▸ Problem
The listing is to be reproduced exactly, excluding its pictures.

▸ Exercise data
# # # #

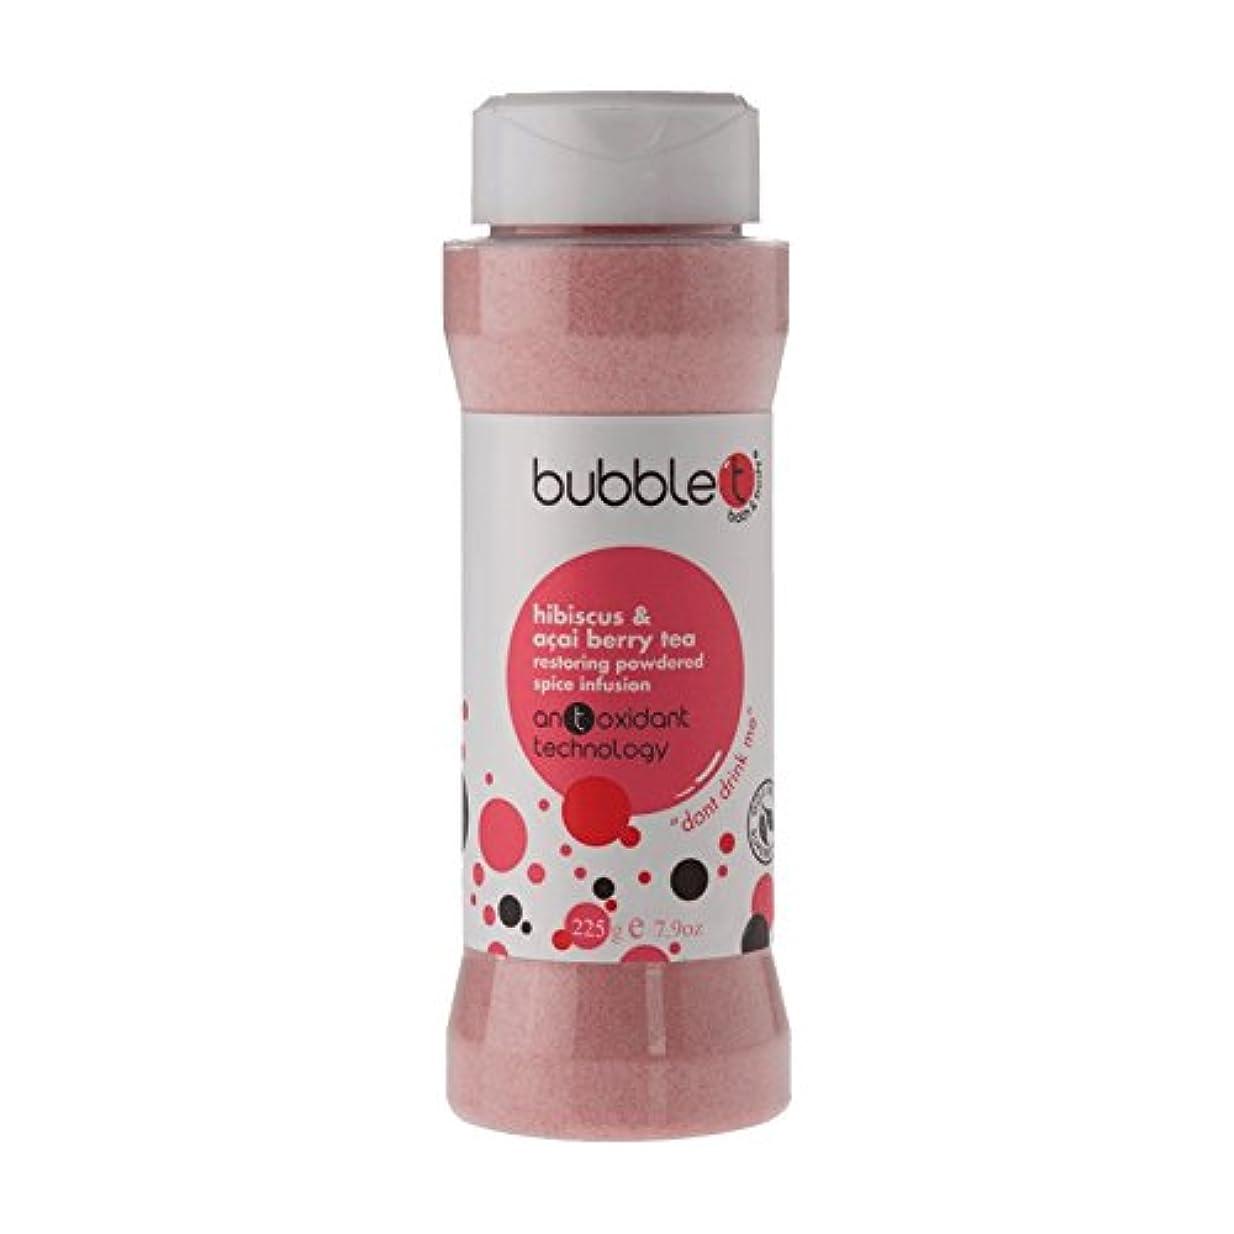 上げるシャイニング前者バブルトン風呂スパイス注入ハイビスカス&アサイベリー茶225グラム - Bubble T Bath Spice Infusion Hibiscus & Acai Berry Tea 225g (Bubble T) [並行輸入品]
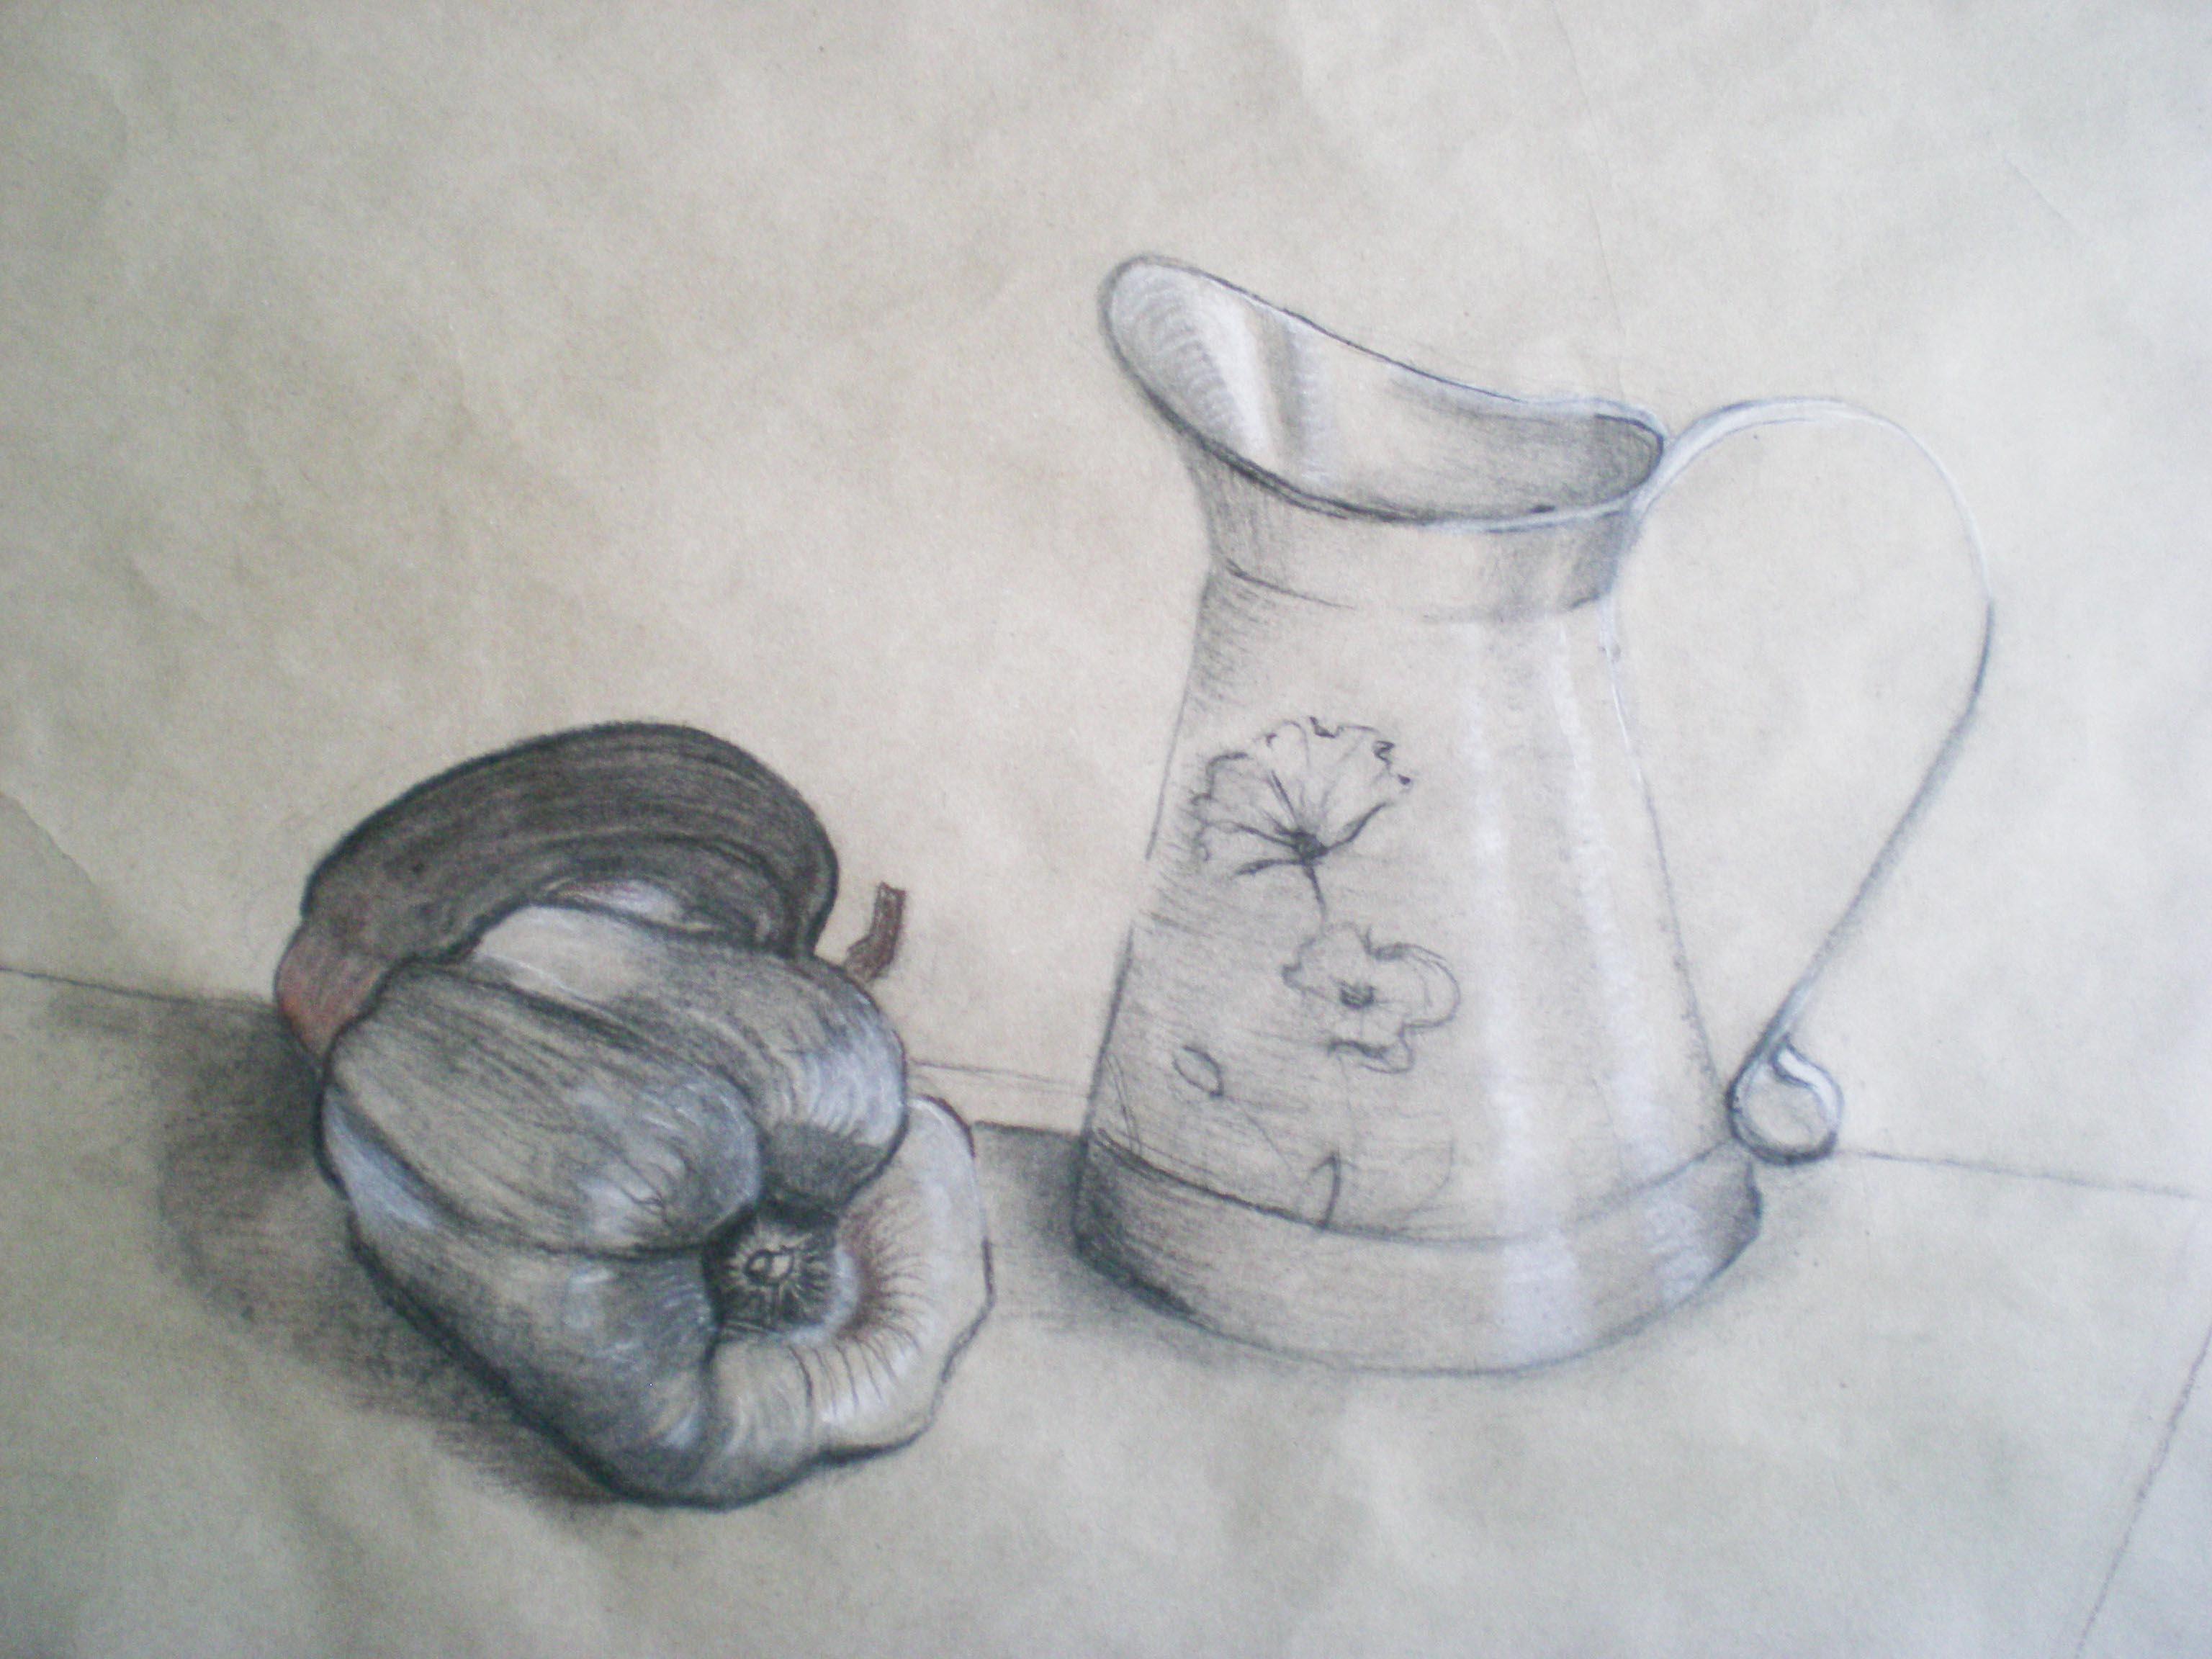 Uterni Dopoledni Kurz Kresby Od 10 Do 12 Hodin Kurzy Malovani A
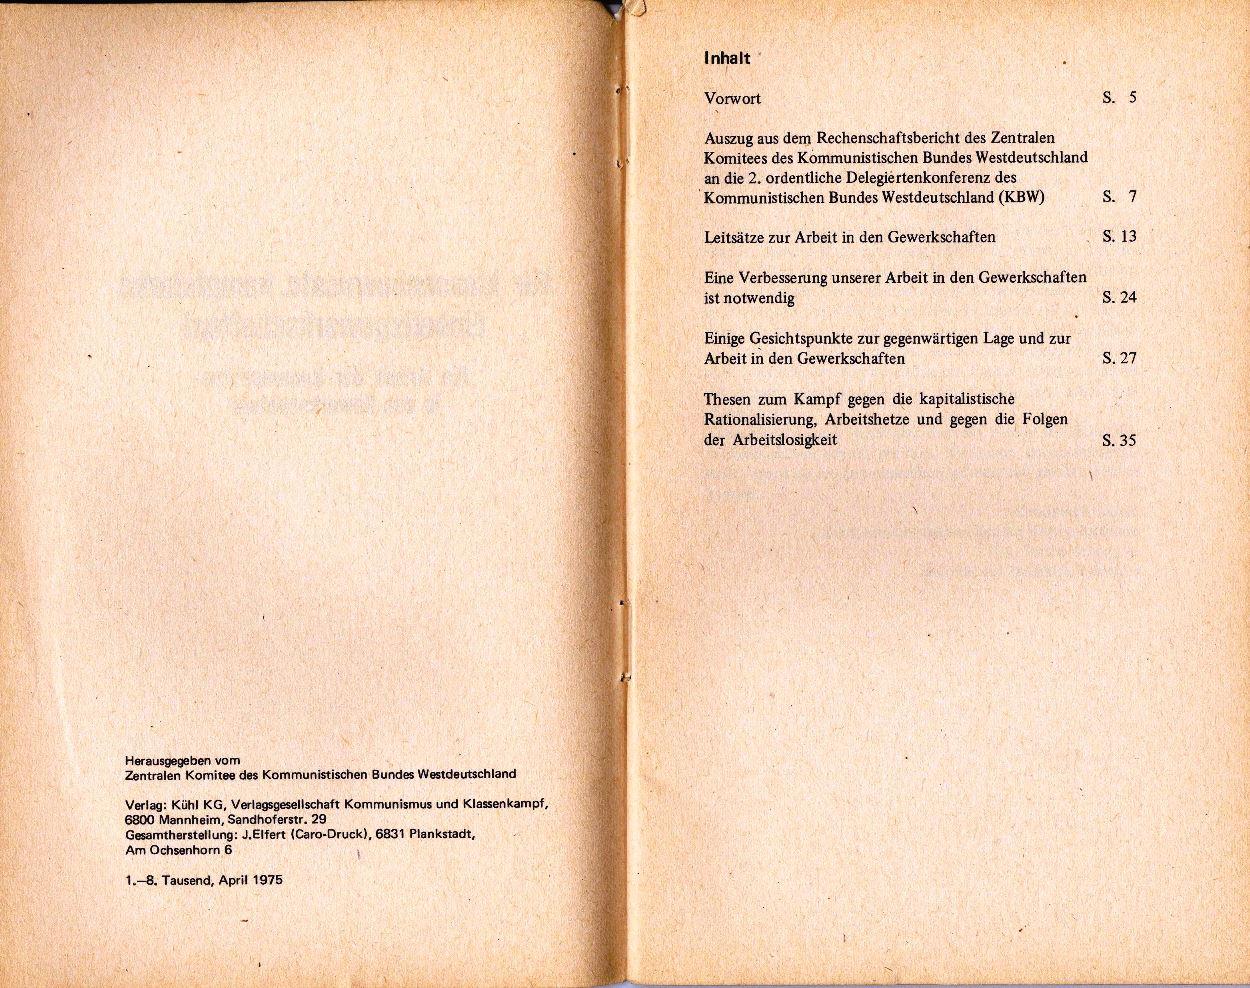 KBW_Einheitsgewerkschaft003

# # # #

▸ Task solution
 上げるシャイニング前者バブルトン風呂スパイス注入ハイビスカス&アサイベリー茶225グラム - Bubble T Bath Spice Infusion Hibiscus & Acai Berry Tea 225g (Bubble T) [並行輸入品]
 Uterni Dopoledni Kurz Kresby Od 10 Do 12 Hodin Kurzy Malovani A
 KBW_Einheitsgewerkschaft003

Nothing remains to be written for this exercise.